• **TASK TO COMPLETE**:
Omit all pictures. Copy exactly the lines from the line containing "Fonem FO 2570" to the end of the listing, with both ends included.

──────── GIVEN MATERIAL

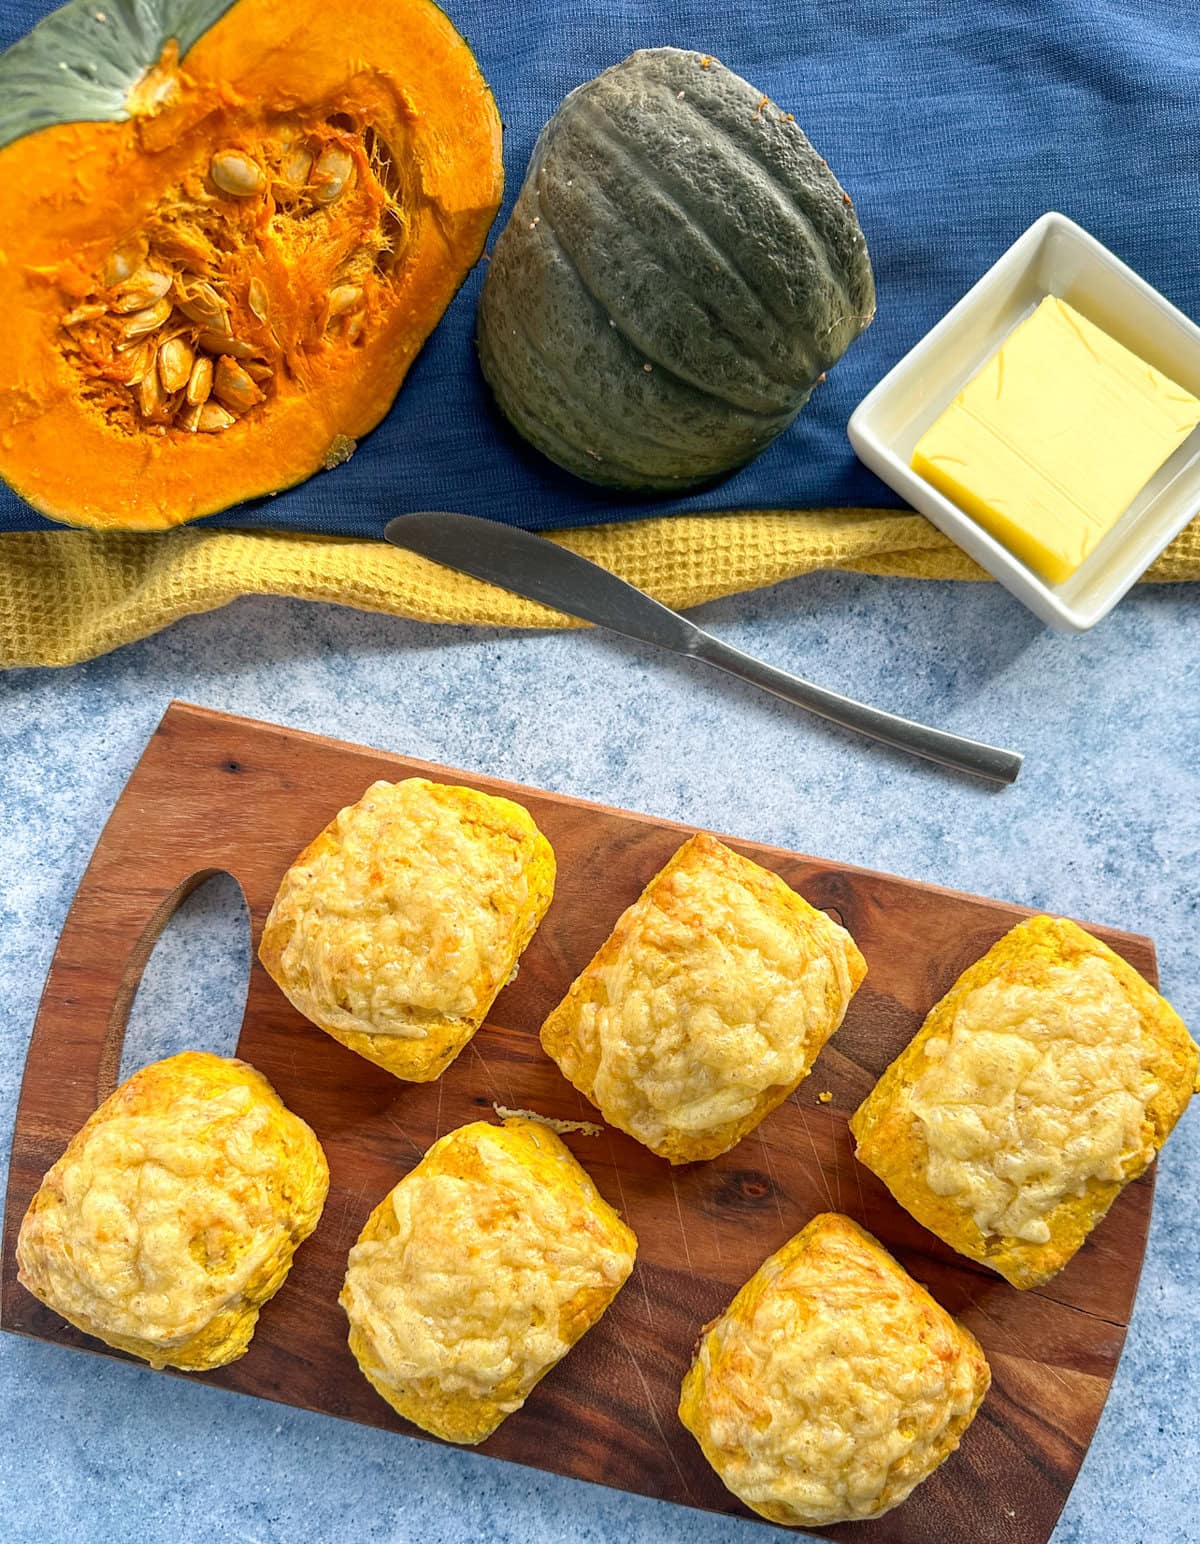 Pumpkin and cheese scones on a wooden board
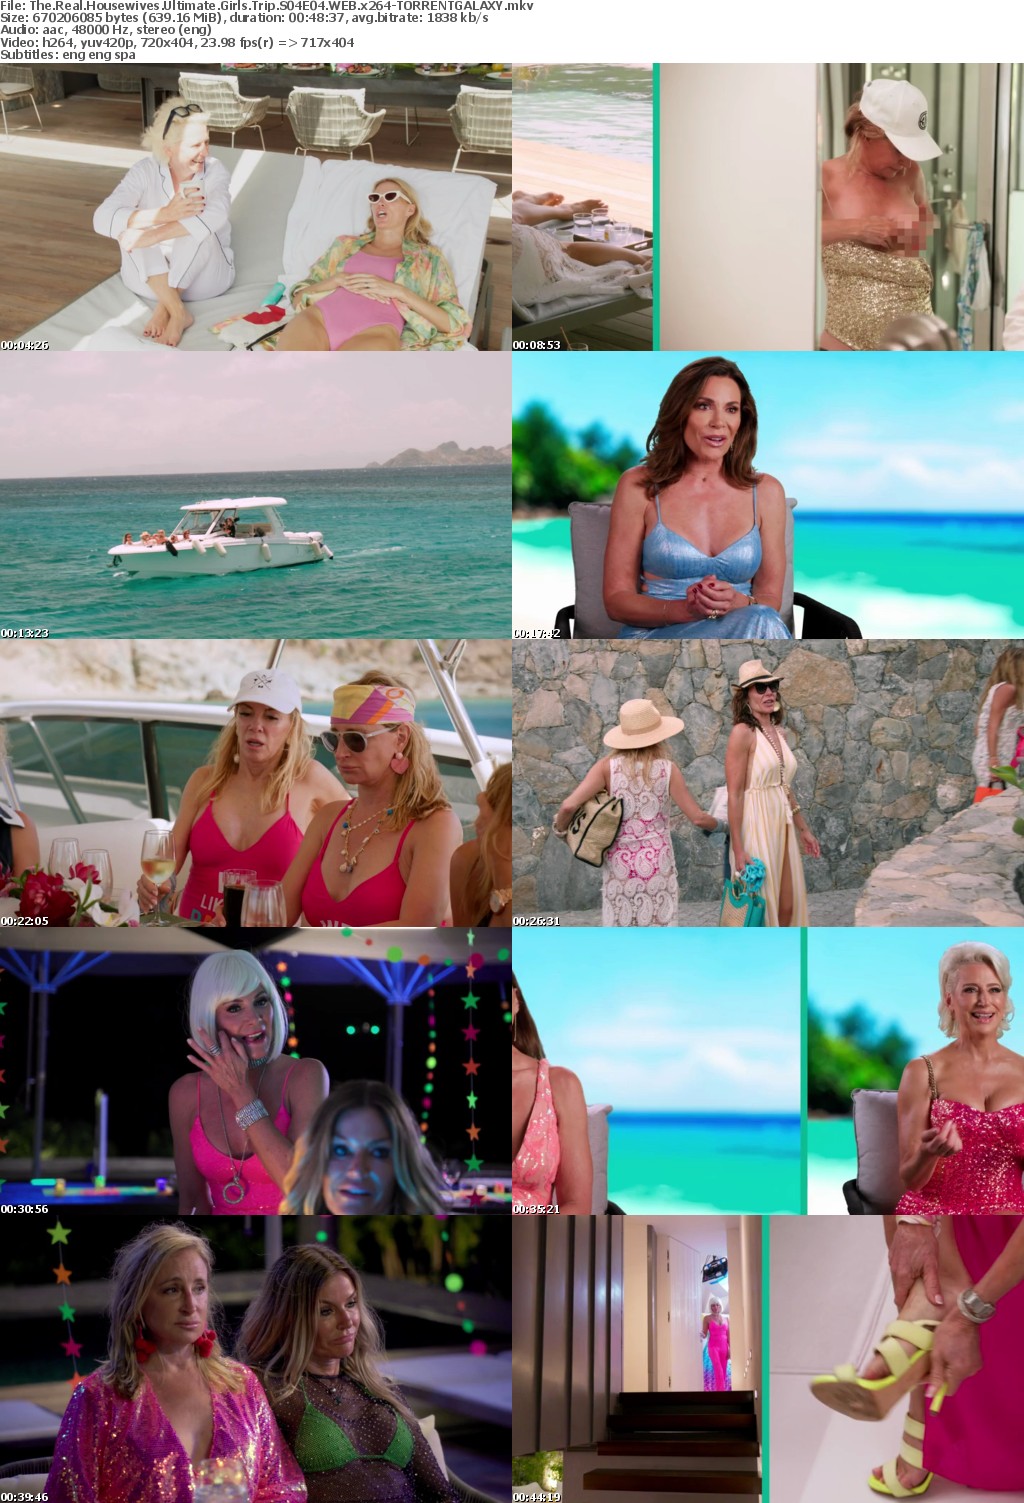 The Real Housewives Ultimate Girls Trip S04E04 WEB x264-GALAXY
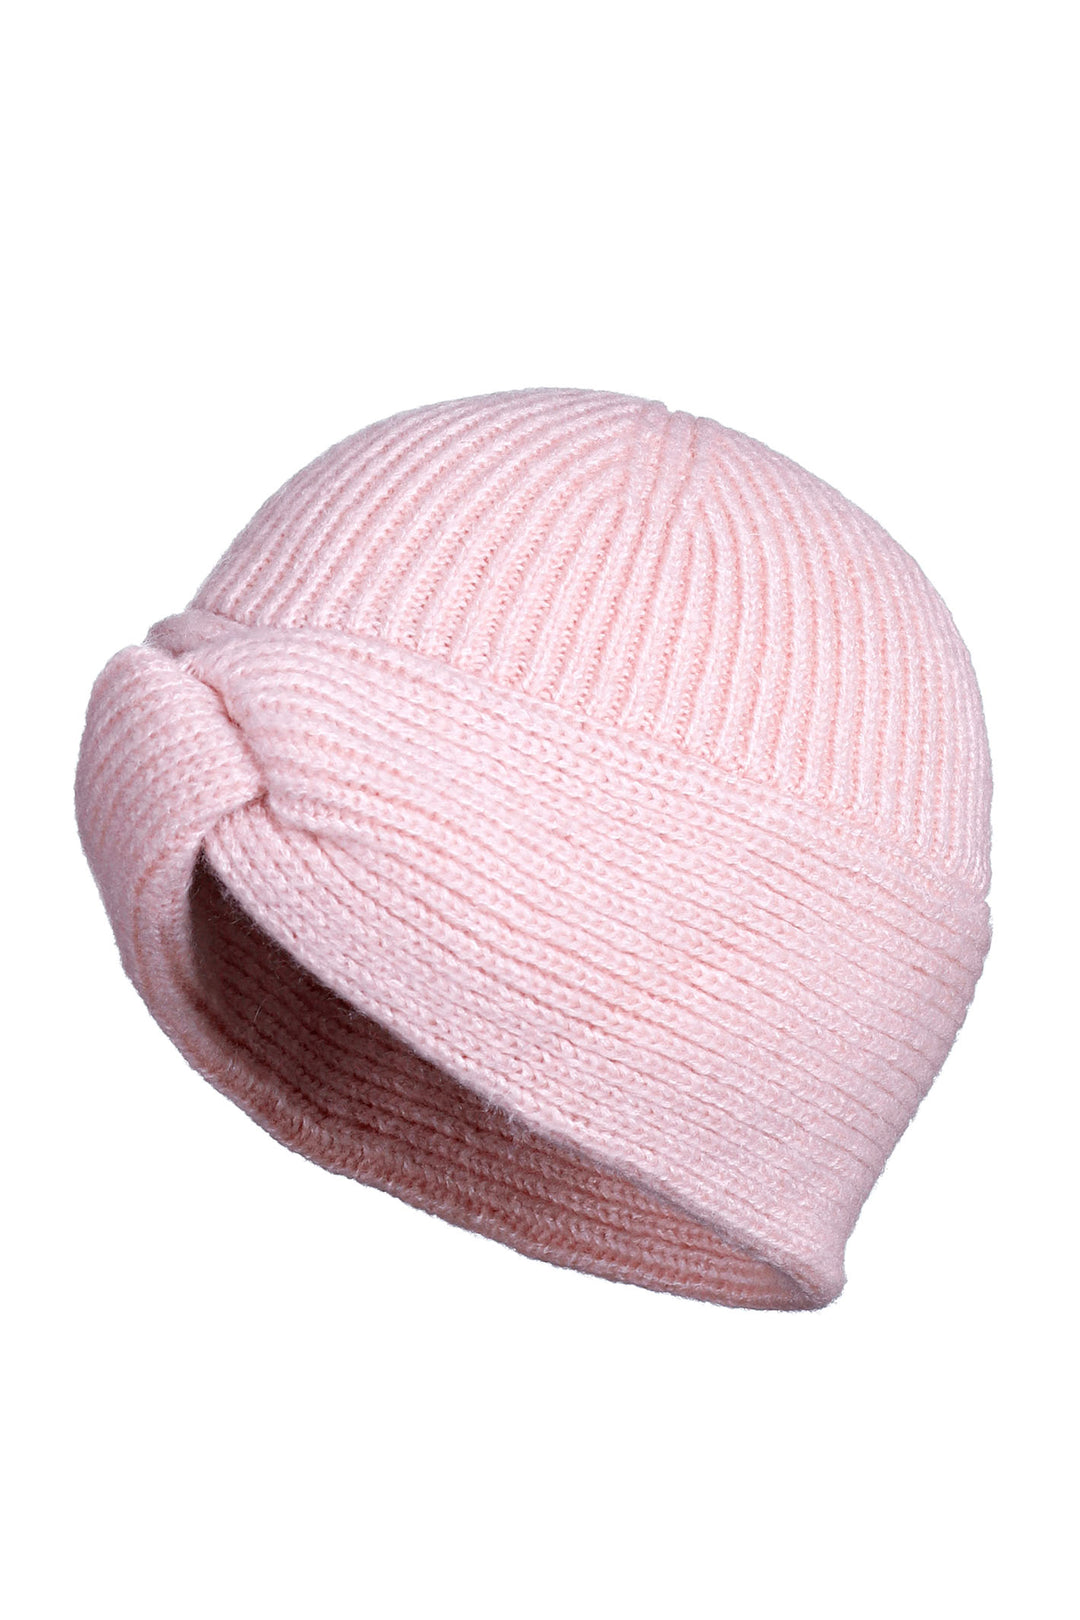 Fonem FO 2570 Somon Pink Knitted Hat - Shirley Allum Boutique
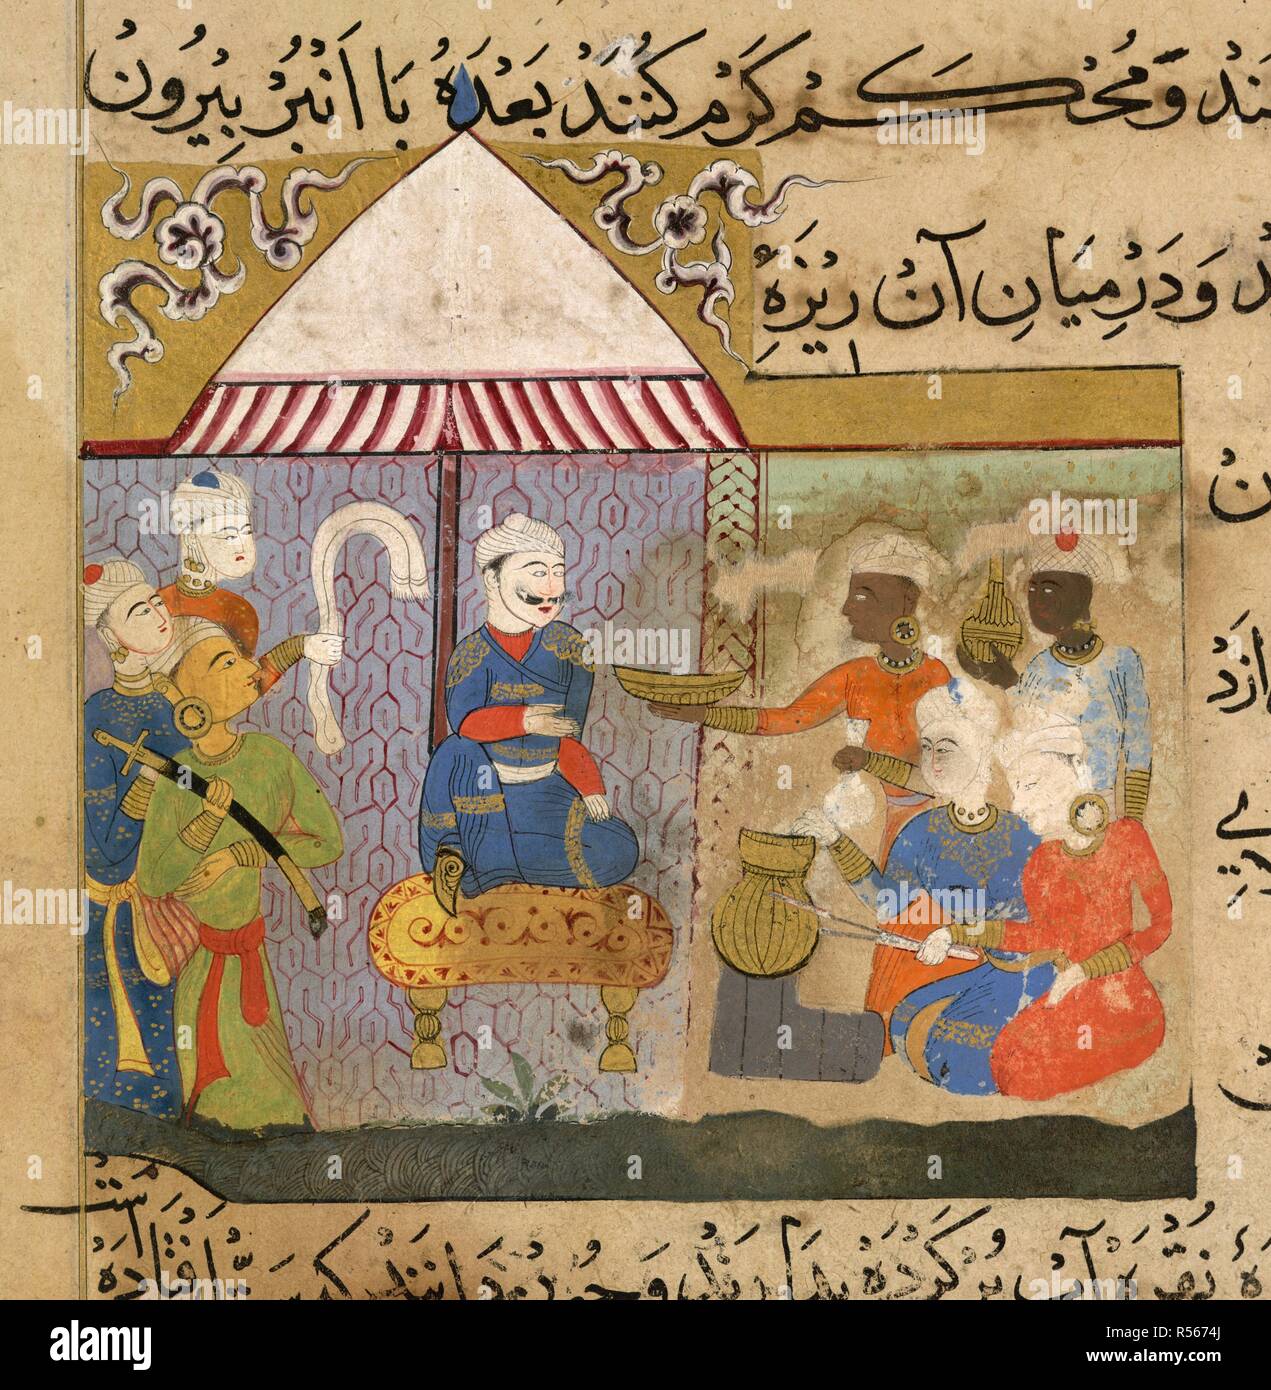 Preparation of frankincense. The Ni'matnama-i Nasir al-Din Shah. A manuscript o. 1495 - 1505. Preparation of frankincense for the Sultan Ghiyath al-Din. Opaque watercolour. Sultanate style.  Image taken from The Ni'matnama-i Nasir al-Din Shah. A manuscript on Indian cookery and the preparation of sweetmeats, spices etc.  Originally published/produced in 1495 - 1505. . Source: I.O. ISLAMIC 149, f.174v. Language: Persian. Stock Photo

────────────────

• **TASK RESPONSE**:
 Fonem FO 2570 Somon Pink Knitted Hat - Shirley Allum Boutique
 Preparation of frankincense. The Ni'matnama-i Nasir al-Din Shah. A manuscript o. 1495 - 1505. Preparation of frankincense for the Sultan Ghiyath al-Din. Opaque watercolour. Sultanate style.  Image taken from The Ni'matnama-i Nasir al-Din Shah. A manuscript on Indian cookery and the preparation of sweetmeats, spices etc.  Originally published/produced in 1495 - 1505. . Source: I.O. ISLAMIC 149, f.174v. Language: Persian. Stock Photo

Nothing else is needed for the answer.